Bahrain–Philippines relations
- Bahrain: Philippines

= Bahrain–Philippines relations =

Bahrain–Philippines relations are the bilateral relations between Bahrain and the Philippines. The Philippines has an embassy in Manama whilst Bahrain does not have a resident ambassador.

==History==

Formal relations between Bahrain and the Philippines was established in 1978.

==State visits==
The first Philippine head of state to make a state visit to Bahrain was then President Fidel V. Ramos from March 10–11, 1997. Bahraini Prime Minister Khalifa bin Salman Al Khalifa made a state visit from November 6–8, 2001. The prime minister was conferred the Order of Sikatuna with the rank Raja on November 7, 2001, during his visit.

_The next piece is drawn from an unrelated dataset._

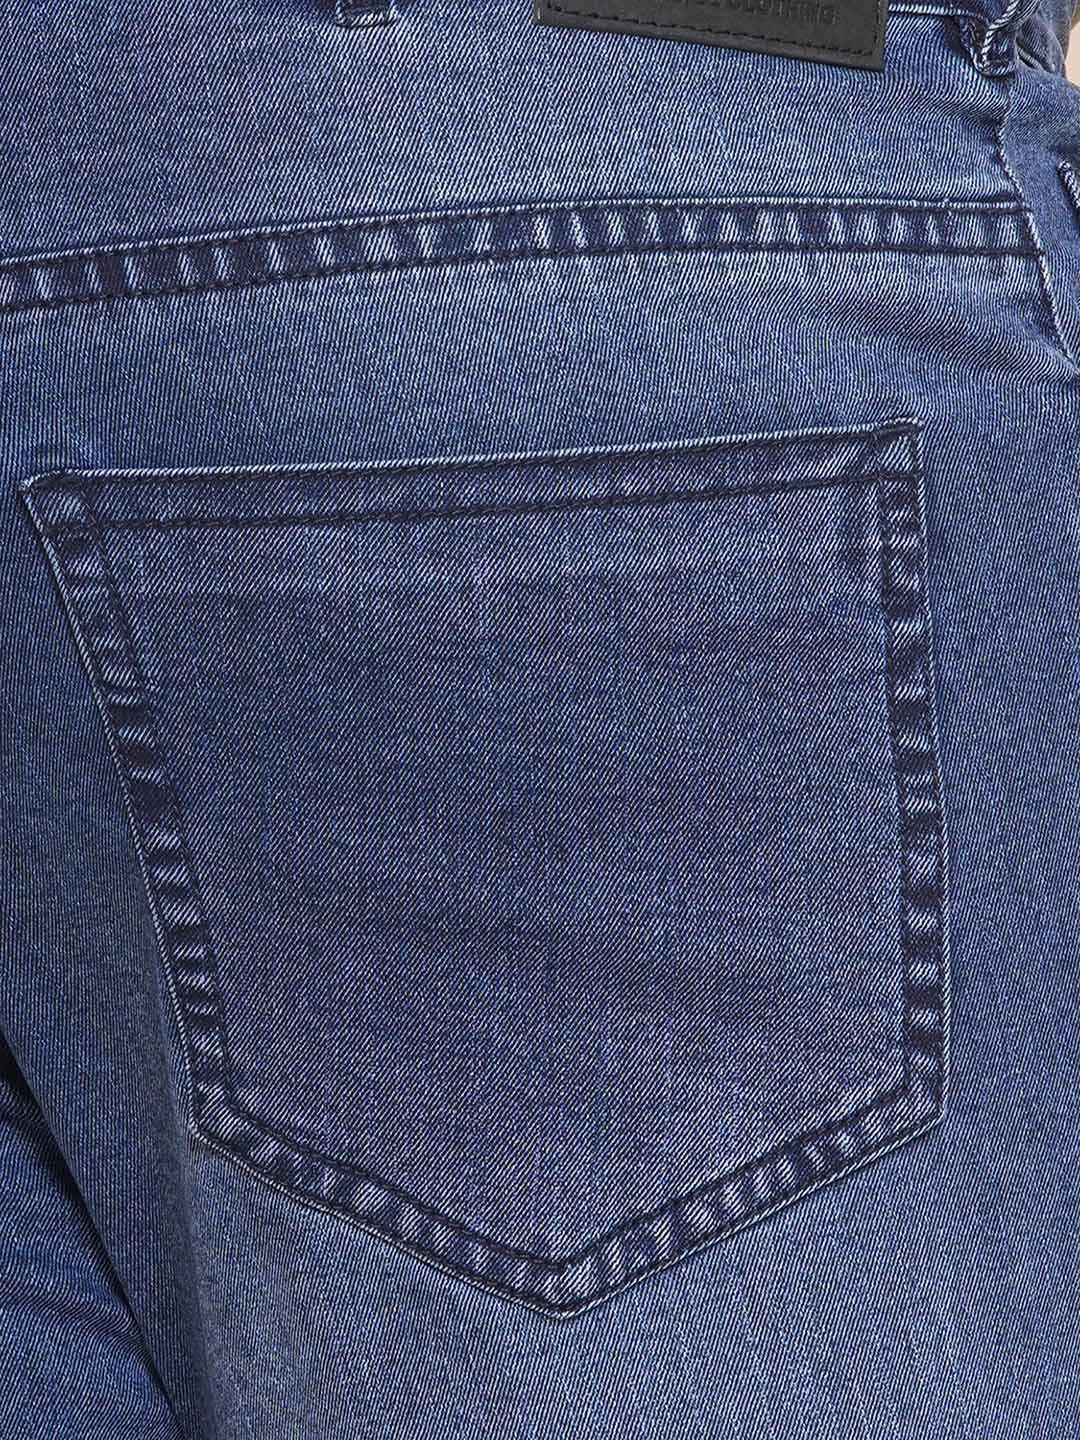 bottomwear/jeans/JPJ12284A/jpj12284a-2.jpg

The Bahraini leader made two more visits in 2003 from February 25 to March 3 and October 29 to November 1. On December 14–15, then President Gloria Macapagal Arroyo made a state visit to Bahrain. Prime Minister Khalifa then made another working visit on April 7–13, 2005. Arroyo made another state visit on February 3–4, 2009.

==Labor relations==

There are about 1,500-2,000 Filipinos working as medical workers in Bahrain in 2007.
As of 2014, there are more than 67,000 Filipinos in Bahrain, some of them are workers in Bahrain.